I'm sorry to bump this thread but I was wondering if you'll ever review the 1GB version, with its expanded outputs (HDMI, Display Port) and both PWM fans.

And also to have more hard numbers on whether the 1GB versions really do consume less power (and offer better performance).


----------



## Binge (Nov 11, 2008)

My mistake xD


----------



## rpsgc (Nov 11, 2008)

Binge said:


> I've been saying this for a while... the reference cooler is not bad on the 4870x2 and I prefer it.  If you put a fan over the area of the reference card that is above the VRegs then you can shop 5-15C off of your card easily.
> 
> It's nice to see there's a good difference when you OC the 4870x2s.  I've noticed it through personal use, but this just proves it.  Great review w1z!



I think you have the wrong thread 

You want the *other* Palit thread


----------



## The Duke (Dec 12, 2008)

This card isnt that noisy at all! Just fitted mine and it's no loader than my 8800gt.  Performance is amazing,  This card is a bargain, if you have the dosh buy one now, you wont regret it.


----------



## Aceman.au (Jan 1, 2009)

I'm getting one of these WOO... Can't wait to get playing games with it...


----------



## Aceman.au (Mar 5, 2009)

wolf2009 said:


> WOW, really noisy !



Omg why do people complain about noise if they are going to play games? Just turn up the volume... Duhhhhhhhh.

If you buy a graphics card just to benchmark you are such a sad person...

At 790MHZ(Core)/4000MHZ(Memory) this card hits 15-35 fps on Crysis Ultra High (1680x1050), this my system though... More RAM helps a lot!!! On my old 3870 512MB, When I added 2gb's of ram to my system it improved the frame rate by 10-15 fps...

Excellent card, not many heat issues in the case since I have fans ejecting most of the warm air from the pipes and fans straight away... Keep it cool and you'll be fine... I have the 1GB btw...


----------



## rpsgc (Mar 5, 2009)

l33tGaMeR said:


> Omg why do people complain about noise if they are going to play games? Just turn up the volume... Duhhhhhhhh.
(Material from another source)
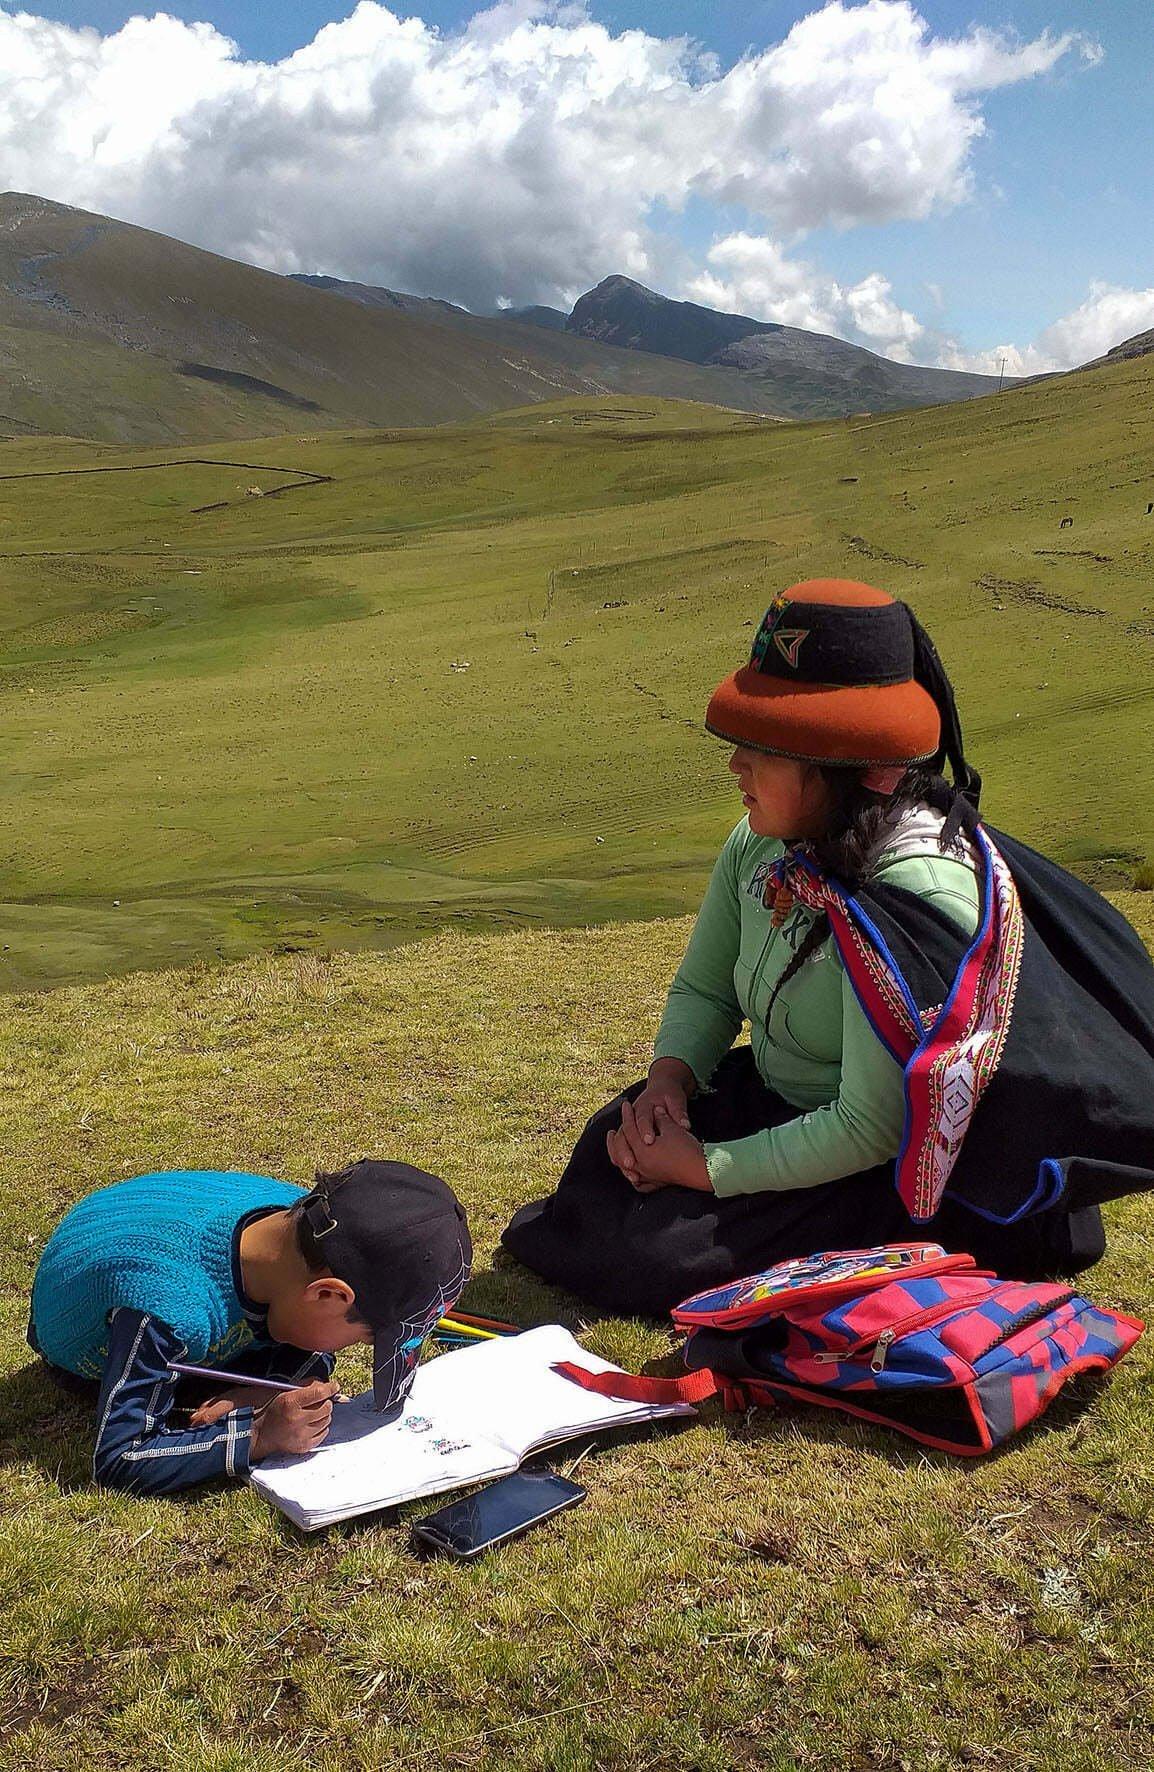 Eine Mutter und ihr Kind sitzen in einer weitern gebirgigen Graslandschaft, das Kind macht Hausaufgaben.

Maybe because some people don't like their computers sounding like a freaking jet engine? Or maybe because, you know, they're not playing games all the time and the noise is distracting?


And you dig up a two month old thread just to attack him for not liking noisy hardware? For the love of...


----------



## Aceman.au (Mar 6, 2009)

rpsgc said:


> Maybe because some people don't like their computers sounding like a freaking jet engine? Or maybe because, you know, they're not playing games all the time and the noise is distracting?
> 
> 
> And you dig up a two month old thread just to attack him for not liking noisy hardware? For the love of...




First of all: I wasn't aware of how old this was cause it said it down the bottom of the page as good topic to view...

Second of all, maybe it's not the card itself... I have no noise issues with my card at all...


----------